Jump to: navigation, search

Contents

Topic Highlights

(What you will learn)

  • How to use Excel to code the data obtained in a marketing research survey
  • How to count the frequency of each response type

Introduction and Motivation

(Why learn it)

Descriptive marketing research methods most often require the collection and analysis of quantitative data using primary methods such as surveys. After learning how to design and administer a survey instrument, it is critical that you learn how to code and analyze the results. This topic introduces you to how Excel can be used to code surveys. Although most marketing research organizations often prefer to code and analyze survey data using a statistical analysis package like SPSS, Excel can play one of several important roles:

  • It is a useful learning tool for first-time researchers - if you can code data in Excel, you will be able to code it in a package like SPSS
  • It allows the researcher to take a first look at his or her data, e.g. while still in the field
  • Excel is universal and so provides a useful tool for communicating with the client (who may not have access to a package like SPSS)

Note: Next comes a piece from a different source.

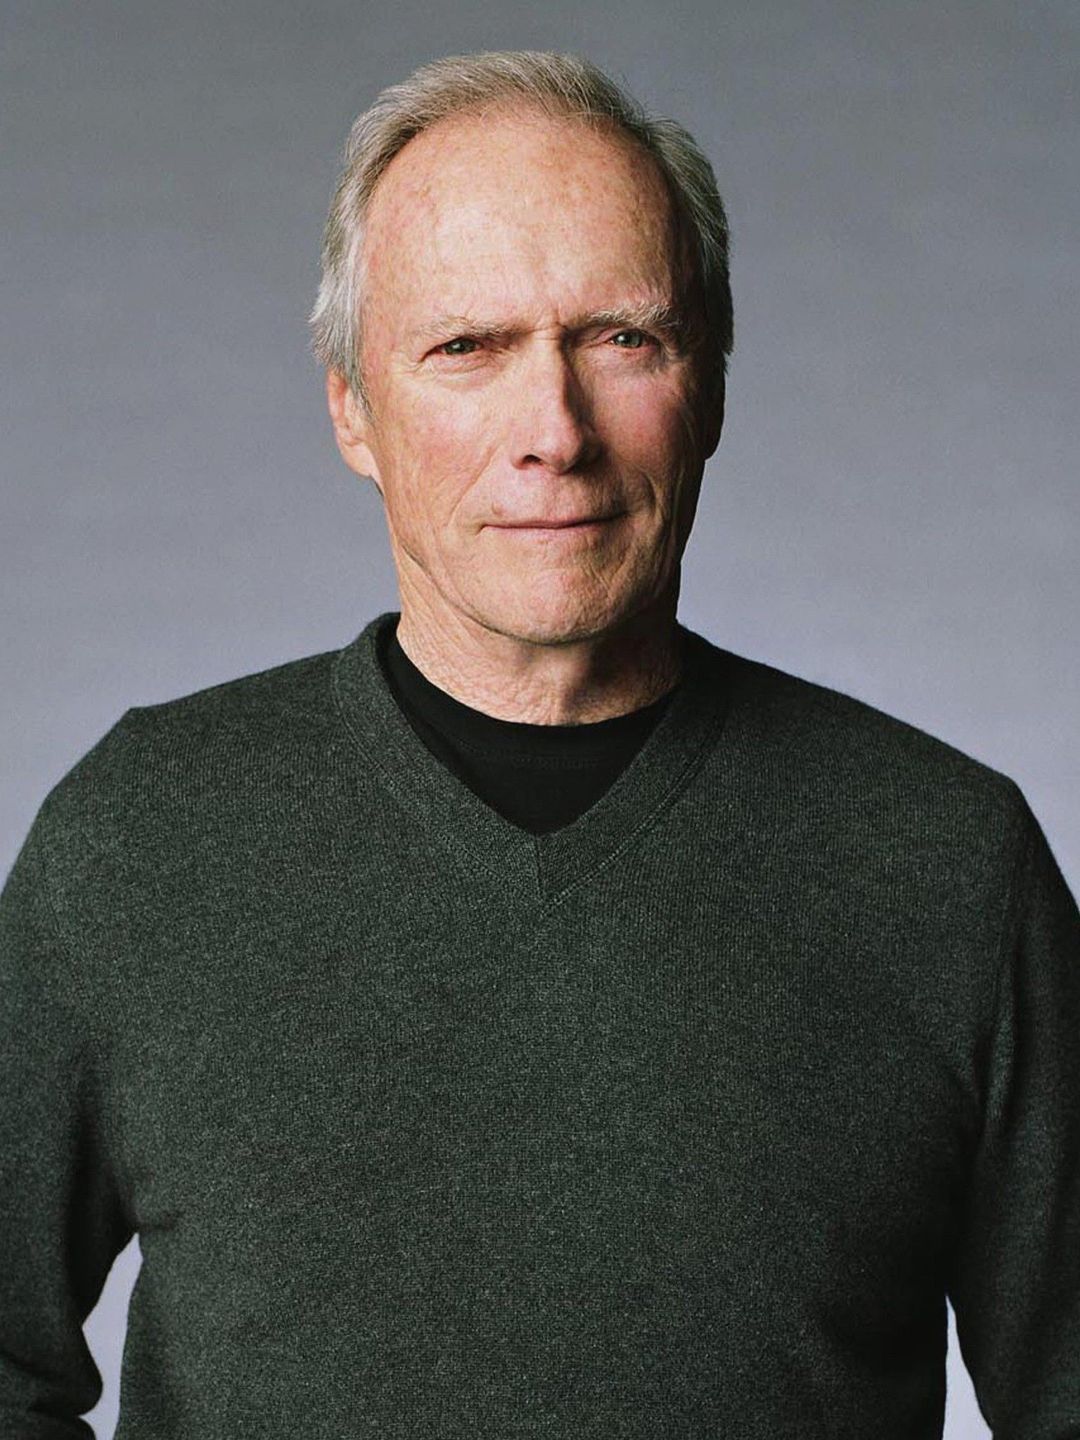 Clint Eastwood who are his parents

Under Final Note and Samples (below in this page), you can download the sample Excel file used in this tutorial. You can also work through the tutorial yourself and create it from scratch.

Learning Activities

(How the levels of understanding will be gained)

Learning activities for this topic
Type Name Direction
Reading
Self-directed
Laboratory
  • This topic usually accompanies a laboratory session where the steps in the topic notes can be attempted and feedback can be obtained
  • You can download the sample Excel files below under Final Note and Samples
Instructor-directed
Personal activities
  • e.g. reflection and review
Self-directed

Topic Notes: Entering and Coding the Data

These topic notes provide an introduction to entering and coding survey data in Excel. We'll use a simple sample survey as an example, and to get familiar with the basic steps, we'll start by looking at small sample of the entire data set.

If you need a refresher on variable types, including dependent and independent, and categorical and numerical, we recommend you check out these sites: Variables and Variables in Data Sets.

Sample Survey

Let's assume that you've administered a survey like this one to everyone in your class:

And, to keep things simple for the purposes of this topic, let's only code the data for the following open-ended questions:

  • Question 2: Gender
  • Question 3: Age
  • Question 4: Eye color

Sample Data

Let's further assume that you have the following data for these questions for the first four respondents. The goal of this exercise is to learn how to enter and code this data.

Image:Coding_in_Excel_1.PNG

Setting up the spreadsheet

The first thing you need to do is create a new spreadsheet into which you can enter the data.

1. Open the spreadsheet:

  • From the taskbar, choose Start > All Programs > Microsoft Office > Microsoft Office Excel 2003
  • A window will appear with an empty worksheet

2. Save the new worksheet:

  • Select File > Save As from the menu bar
  • Choose an appropriate location for the file on your computer's hard drive or on your network drive
  • Enter a suitable filename, such as "A Survey of My Classmates.xls"
  • Press the button marked Save

3. Enter the column headings, so your worksheet looks like the one below. You will need to adjust the widths of the columns to make it look like this one. You may also wish to rename the current sheet to "Survey Data", as has been done below.


Entering the data

Next you need to enter the sample data given above. This is done and shown below.

Notice the following:

  • It is common practice to assign an ID# to each respondent's survey. By writing this ID# on the survey itself and in the spreadsheet, you can always go back to the original survey instruments - even if they get out of order in the future.
  • For categorical variables, we write the full name corresponding to the data types, e.g. "male" and "green"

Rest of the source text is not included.